Collected material:
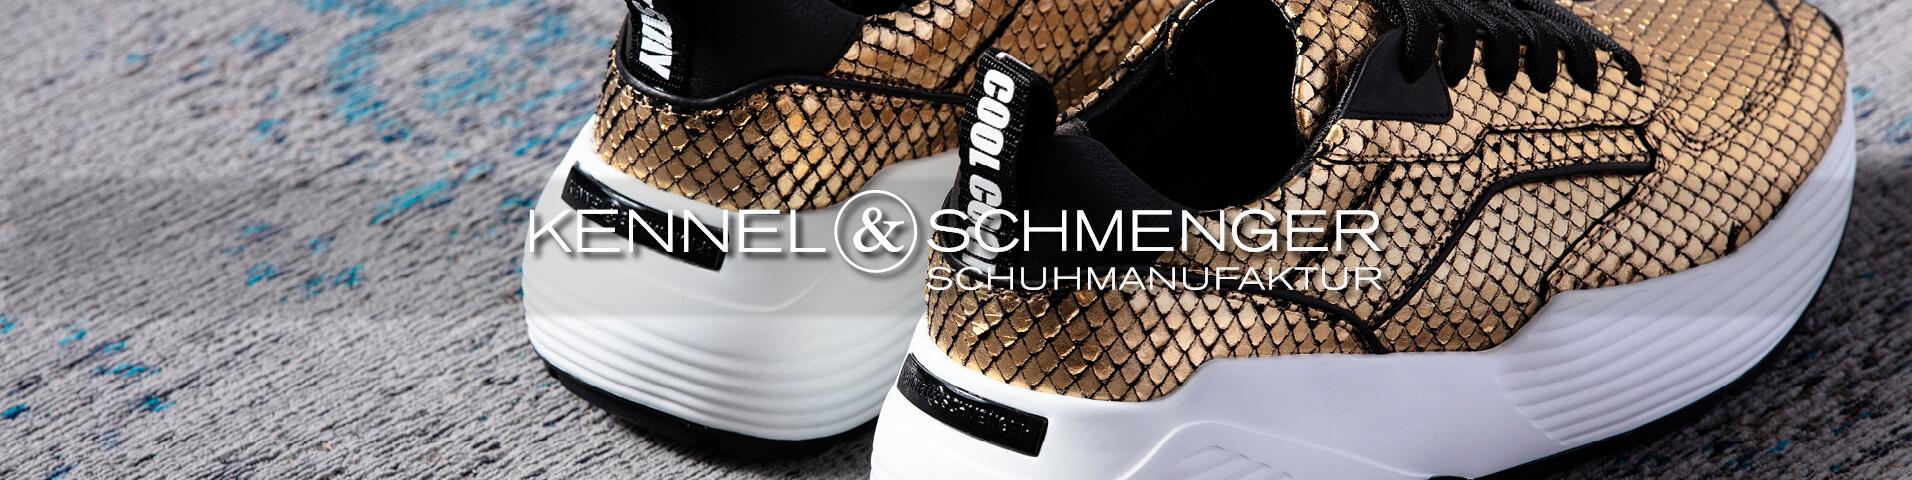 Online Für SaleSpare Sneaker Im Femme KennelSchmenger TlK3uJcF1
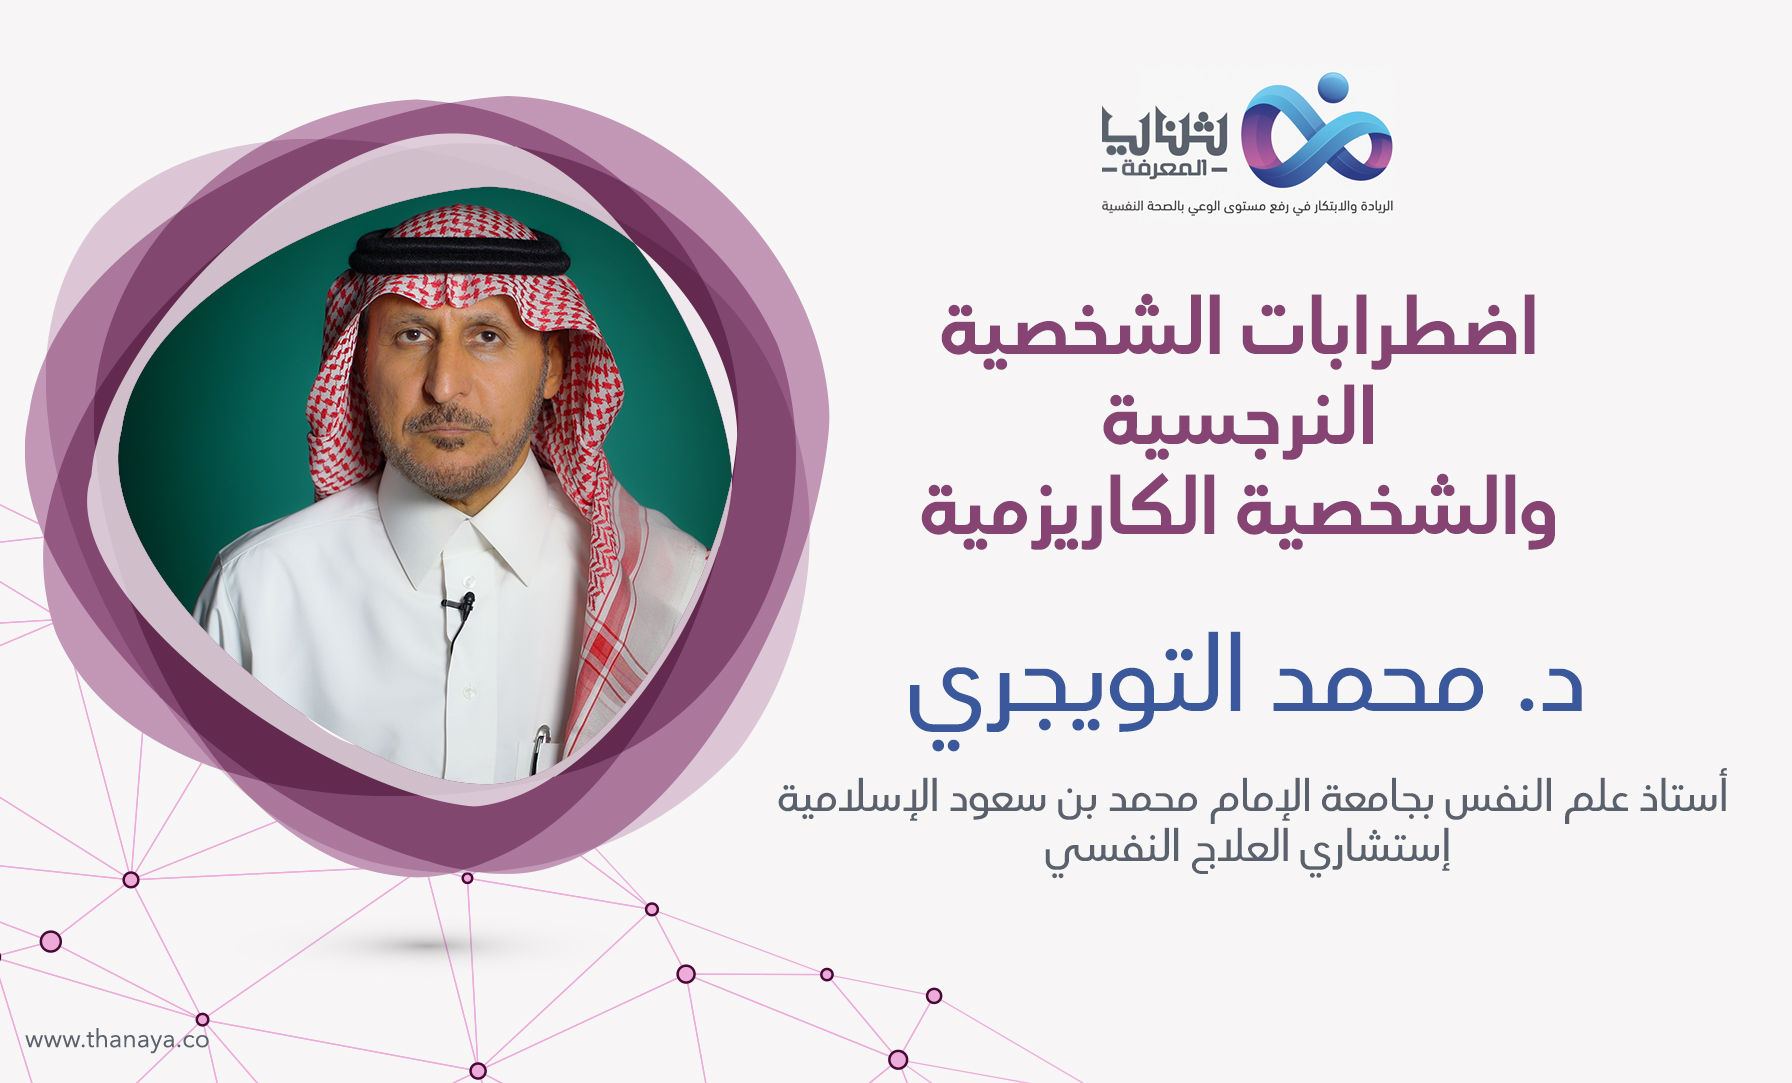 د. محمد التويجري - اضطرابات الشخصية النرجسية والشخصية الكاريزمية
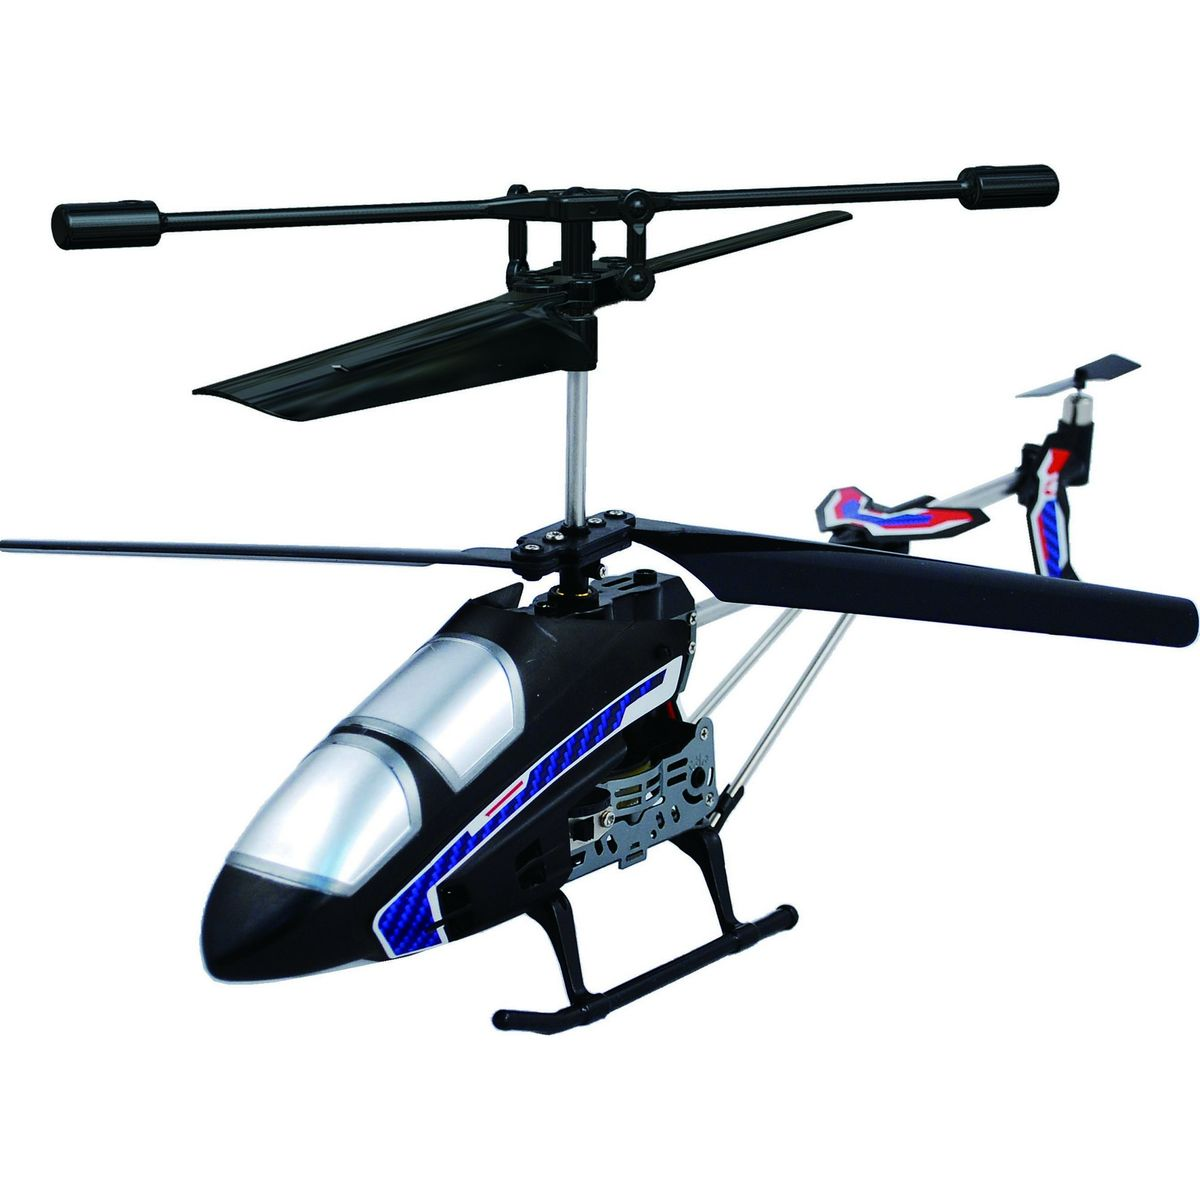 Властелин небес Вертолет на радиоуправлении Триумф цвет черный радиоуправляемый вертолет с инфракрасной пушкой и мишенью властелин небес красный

Try it: Leave out the pictures and give the listing above again exactly.

Result of the exercise:
 Online Für SaleSpare Sneaker Im Femme KennelSchmenger TlK3uJcF1
 د. محمد التويجري - اضطرابات الشخصية النرجسية والشخصية الكاريزمية
 Властелин небес Вертолет на радиоуправлении Триумф цвет черный радиоуправляемый вертолет с инфракрасной пушкой и мишенью властелин небес красный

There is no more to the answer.